UK time management coach and author Mark Forster has set himself the challenge to read only one book at a time. Although he is great at starting books, his challenge has been finishing them. He's used a variant of his Autofocus task management system in the past as a way to read War and Peace. I wonder if his high distraction rate means he got what he wanted out of those unfinished books, after all; a quick skim may be all that's needed for a sense of completion.

For myself, my book selection and (non-)completion methods have varied over the years. Here's what I do now:

  • John Sutherland, I think, recommends reading page 69 (any random page really) and then deciding based on that whether to read the book at all. I use this method when searching for bedtime books to read to Liz.
  • I give a book 50 pages or so and then decide whether to continue. Oftentimes, particularly for light non-fiction books, I practice Maugham's "art of skimming."

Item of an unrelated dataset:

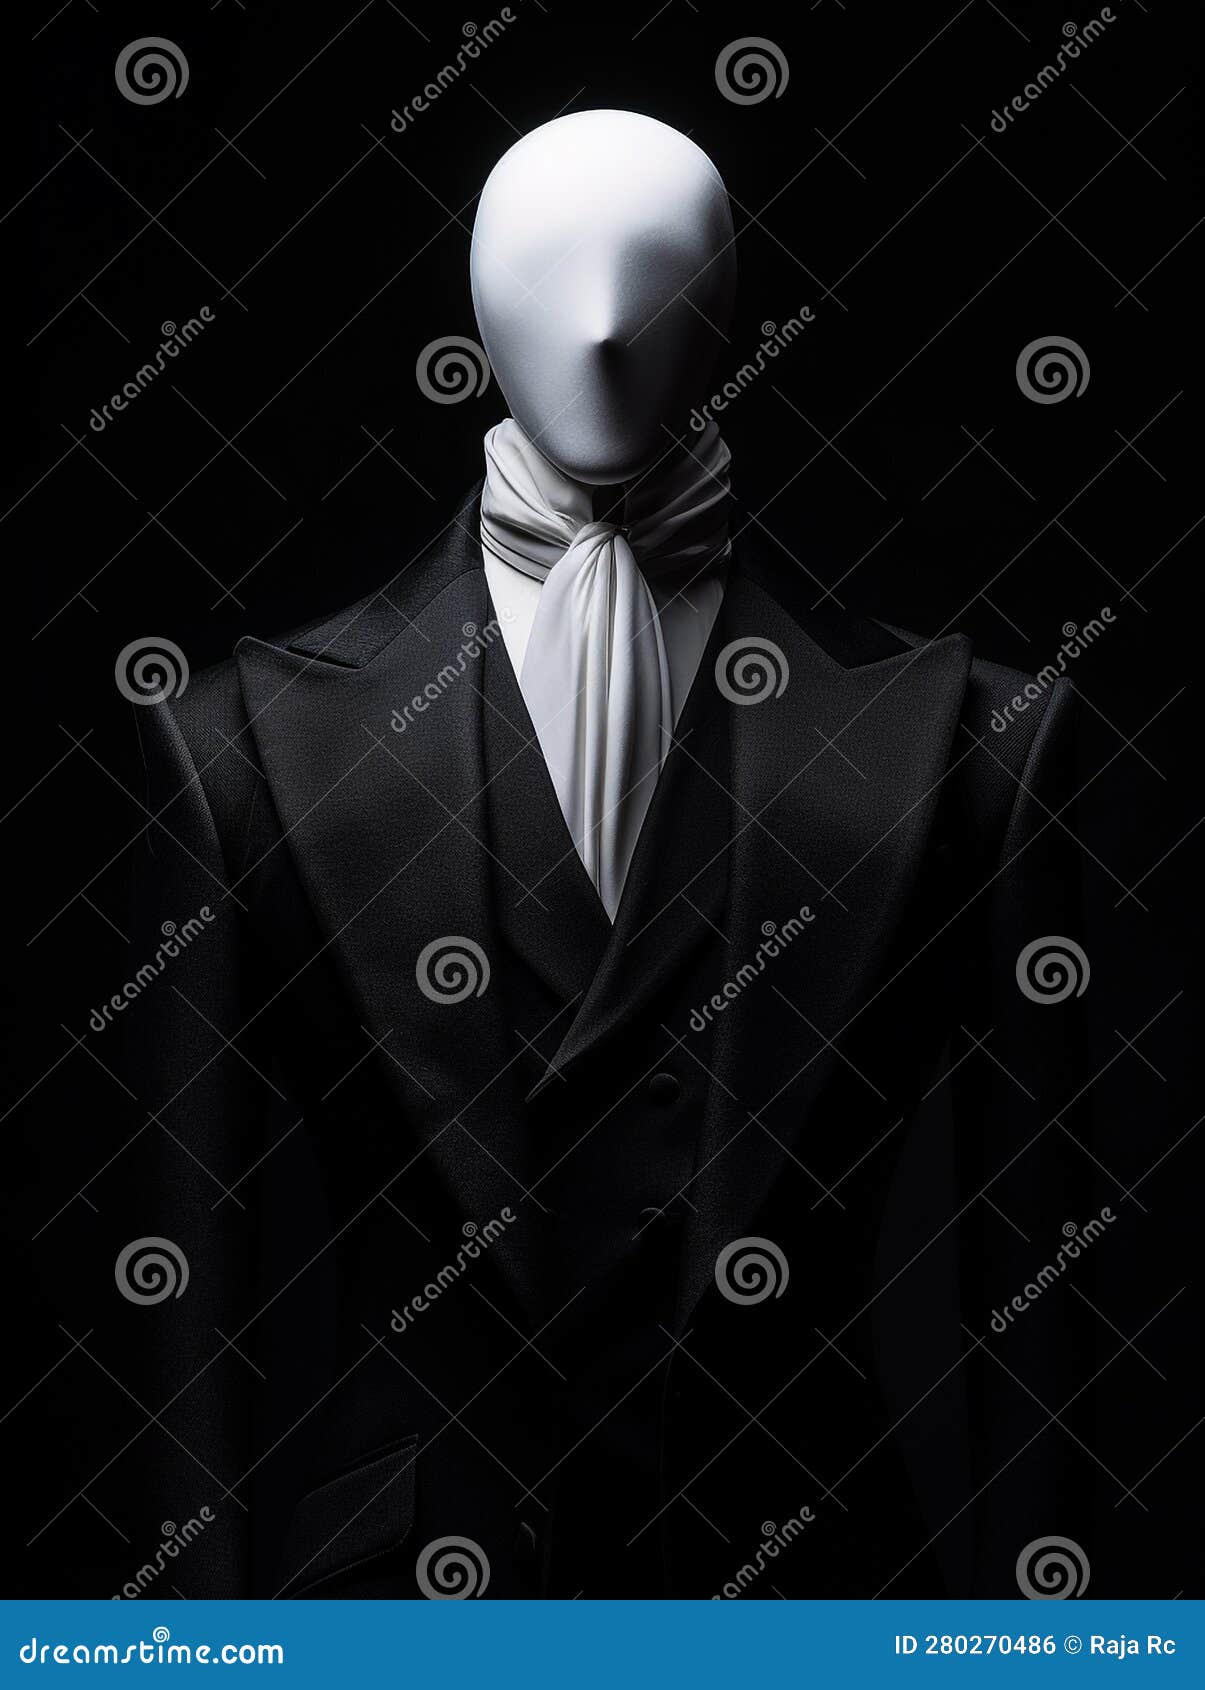 tailored suit on a mannequin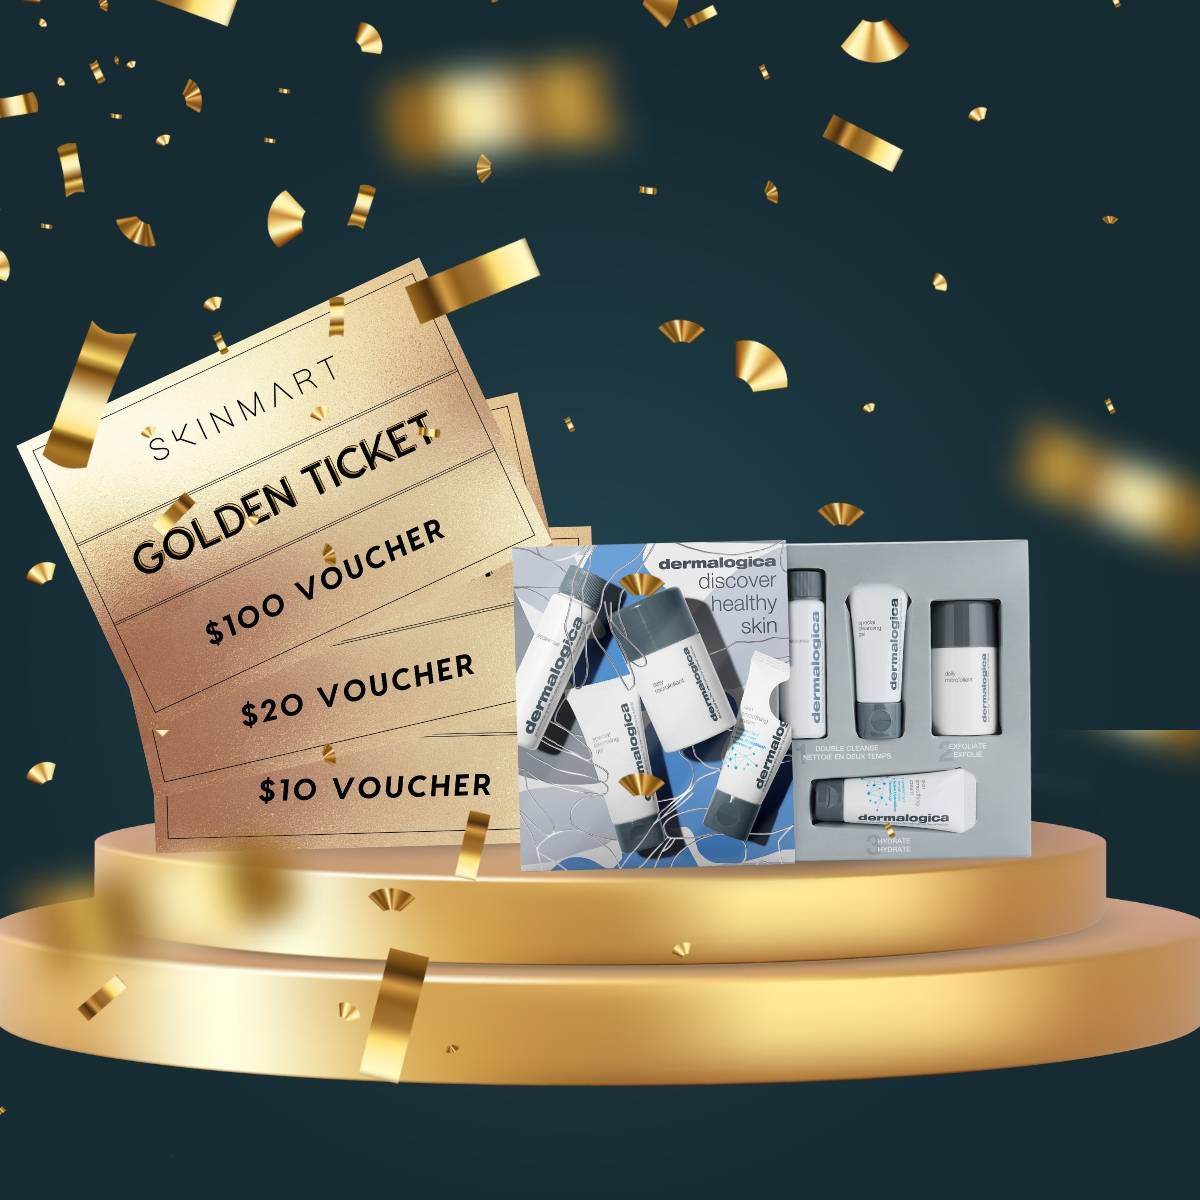 Image of Golden Ticket with complimentary vouchers and Discovery Kits on golden podium with golden confetti falling around it

  • On my physical bookshelf, the top shelf is reserved for books of current interest. When I return a book, I place it to the far right. If a new book usurps its place, the new book is placed to the far right. This is just the Noguchi technique applied to books; uninteresting books migrate to the left of the shelf and can probably be safely discarded.
  • I keep a collection on my Kindle titled "Now Reading." I can only read books in that collection. I keep three books only in that collection: a short-story collection, a novel, and a non-fiction book. Yes, I'd get through one book faster if I focused on it rather than dividing my time and attention among three books. But I am eternally fond of Randall Jarrell's famous line: "Read at whim! read at whim!"